Problem statement. For the data below, give again exactly the lines from the one containing "New Rolls Royce" through the one containing "Kérastase Masque UV", both ends included, and no others.
Top of Records to process
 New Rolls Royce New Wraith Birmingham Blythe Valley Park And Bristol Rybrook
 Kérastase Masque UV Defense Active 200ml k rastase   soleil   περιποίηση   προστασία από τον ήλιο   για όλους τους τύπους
Bottom of Records to process
Top of Records to process
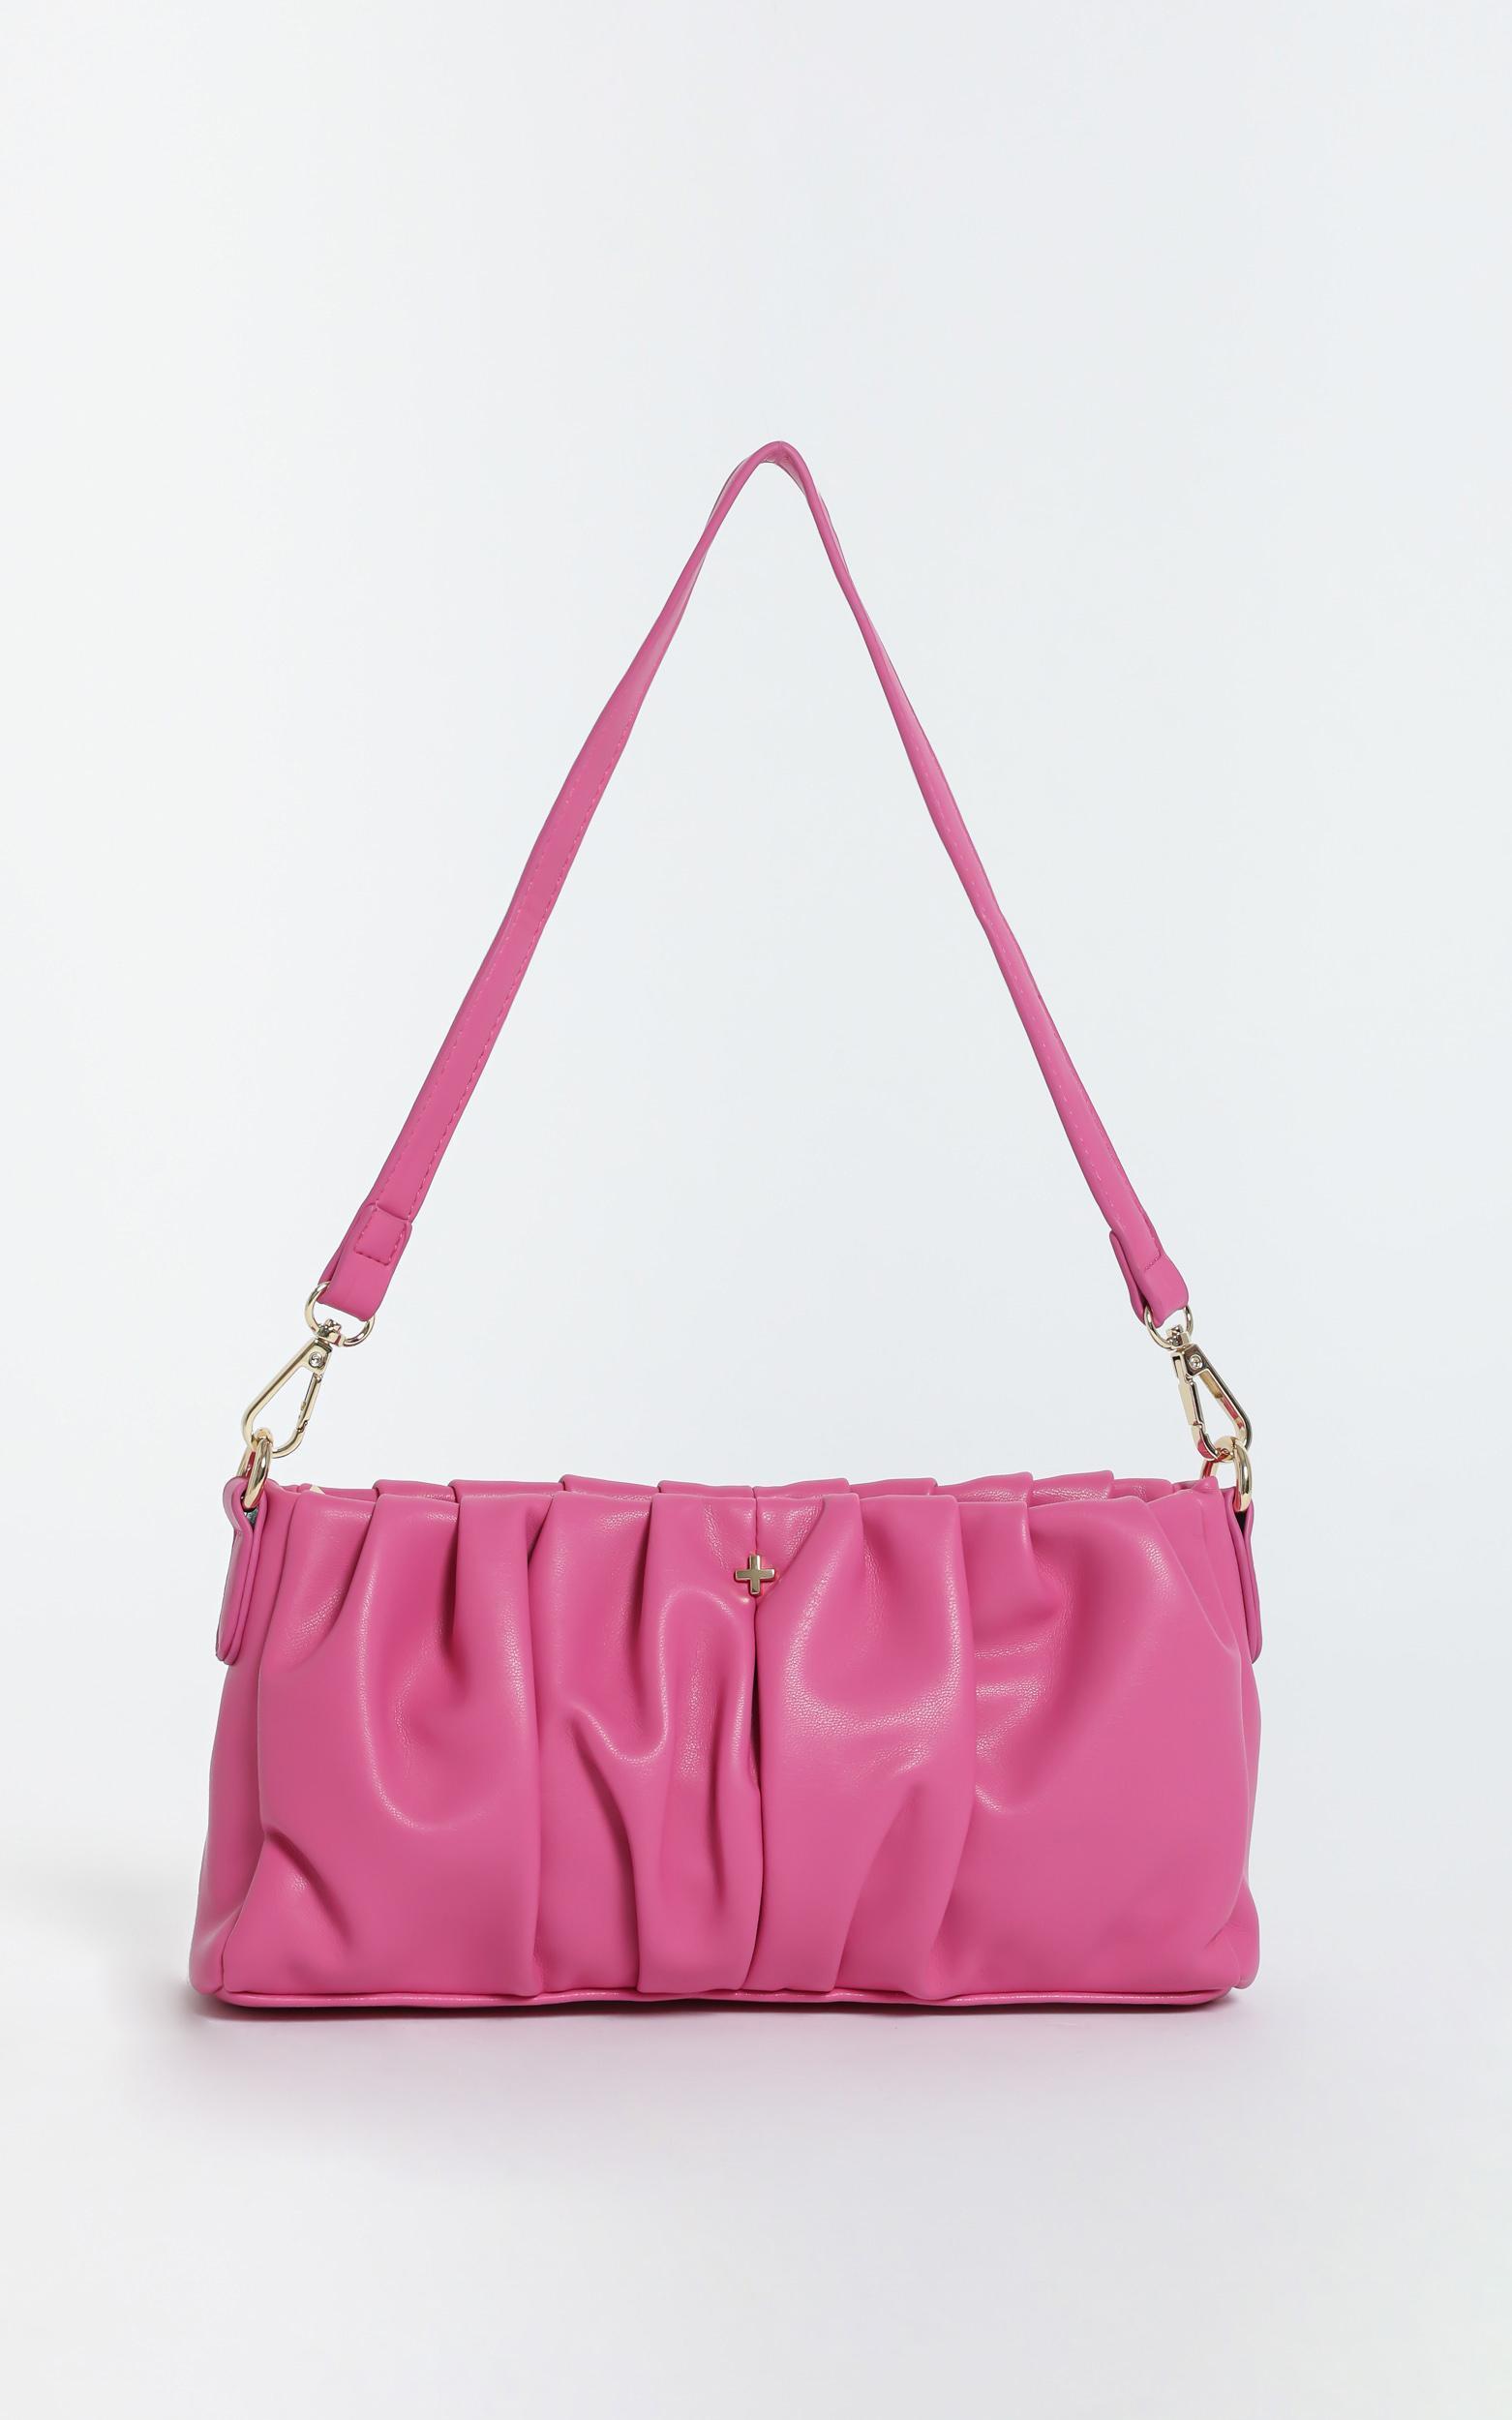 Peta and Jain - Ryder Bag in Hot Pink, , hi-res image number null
Bottom of Records to process
Task output.
 New Rolls Royce New Wraith Birmingham Blythe Valley Park And Bristol Rybrook
 Kérastase Masque UV Defense Active 200ml k rastase   soleil   περιποίηση   προστασία από τον ήλιο   για όλους τους τύπους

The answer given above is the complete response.